What does last week’s story have to do with “love”.
As a teen you are probably confused about my story. It seems tragic. Almost sad. And no connection to love. We would think.
I did not want to give cliche information about what a teen should or should not being doing about love. I wanted to paint a larger image about the core of what WE, as individuals, could be perceiving as love.
This is about healing and growing. Not about bandaids and heartache.
With terms like “attachment theory” and “parent child relationship” we can gather that our child hood experiences can contribute to the way we live out love. Those 5 senses we have helping us develop our view of love.
With a father fairly absent, and a mother not able to connect emotionally, love was not something I thought about. I was more concerned with my safety. Maslow’s hierarchy of needs further explains this evolution into self-actualization.
How can I love if I do not feel safe? How can I love if I am concerned about my next meal? How can I love if I do not understand relationships? How can I love if I have not developed self-worth or confidence?
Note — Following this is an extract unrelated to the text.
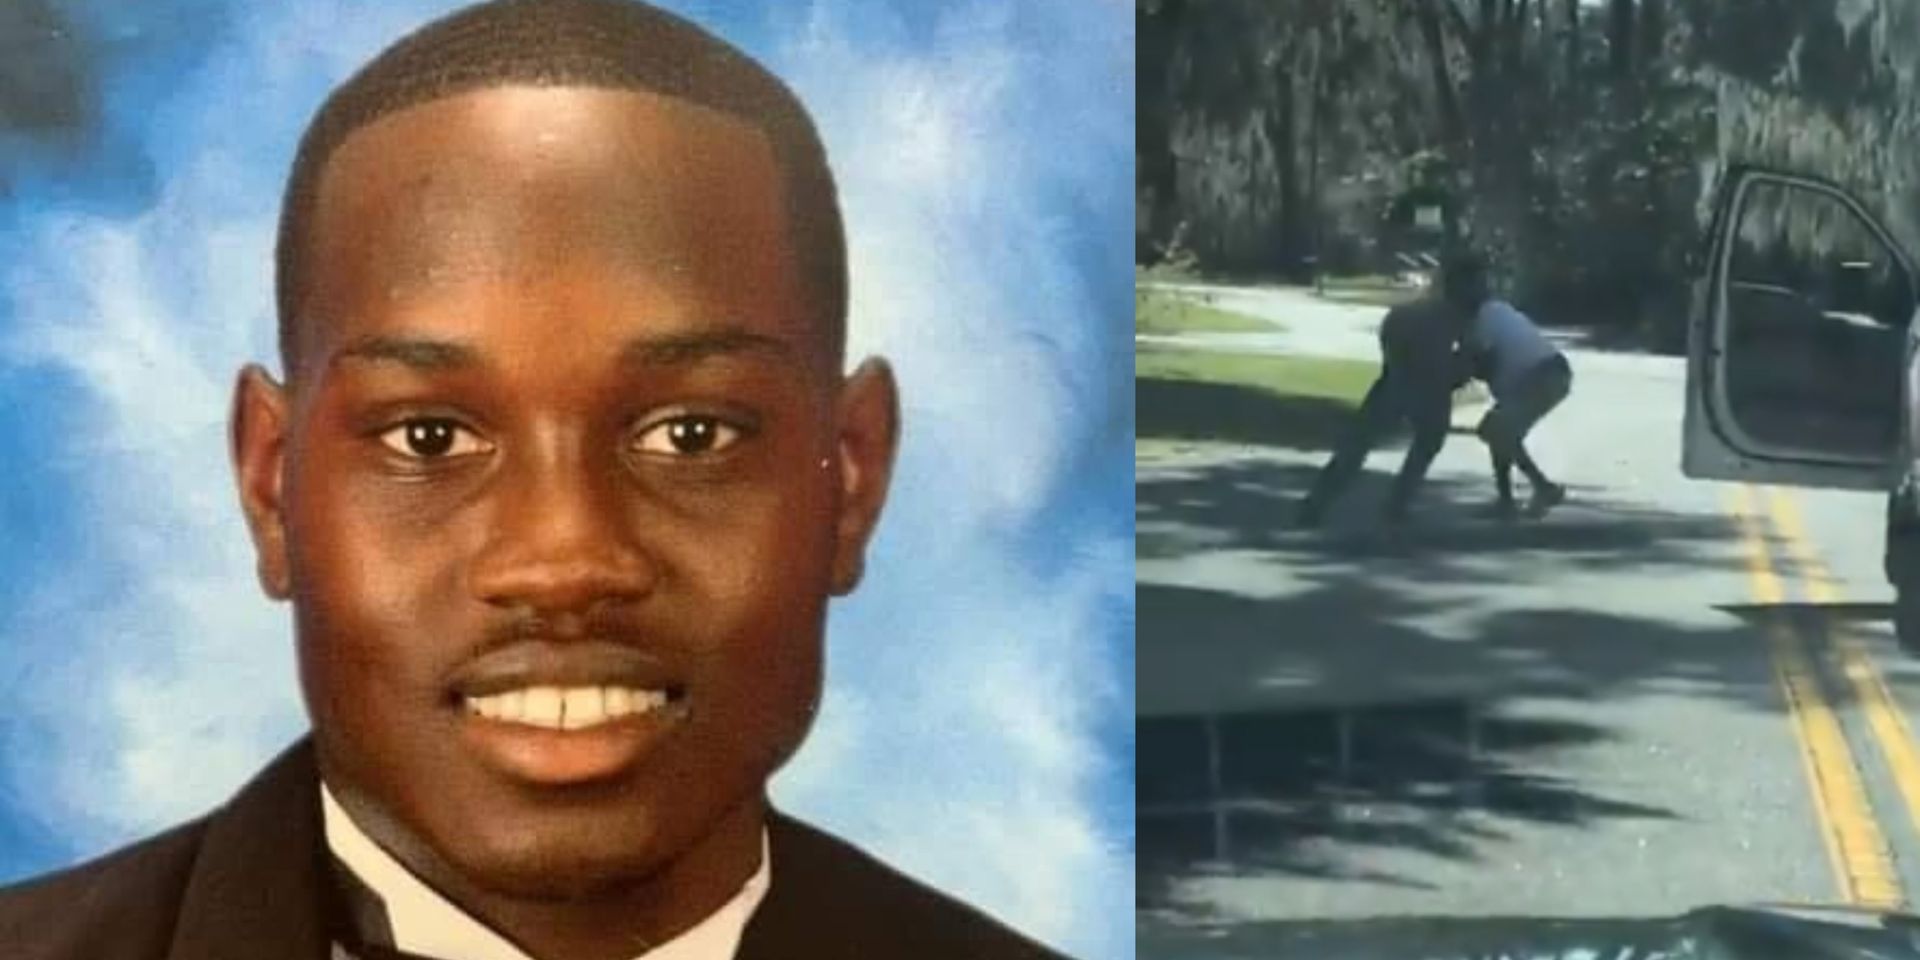 Meurtre d'un joggeur noir: deux hommes blancs arrêtés

How can I love if I cannot see past my physical attraction to someone and see them as a whole being: physical, intellectual, emotional, social, spiritual, and sexual?
As a young man I sought out connection: just someone to pay attention to me. Interpreting physical attraction as the only indicator to connection with another human being. She’s cute. I am in.
My misunderstanding about what was really happening caused a lot of heartache. Turning those interactions into reasons why I was incapable of finding love. And still, I had no idea what is was. My only image being painted by entertainment, porn, and my parents.
Insecure. Unaware. Unequipped. Ill prepared. For something so vast as the subject of love.
So, my perception of love started off with wanting to fill those voids: full attention I did not receive from my parents, physical affection I did not experience, and safety and security of someone being present.
I wanted someone to adore me. I wanted someone to promise me the world. Someone to be present when I called on them. Someone to “make” me feel safe and secure. Viewing relationships to please me. Make me happy.
By the end of this series I promise love will triumph. And I must lay a foundation as this. To help you GROW past insecurities and inherited beliefs blocking the flow of love.
So, again, think back. In what ways are you searching for love?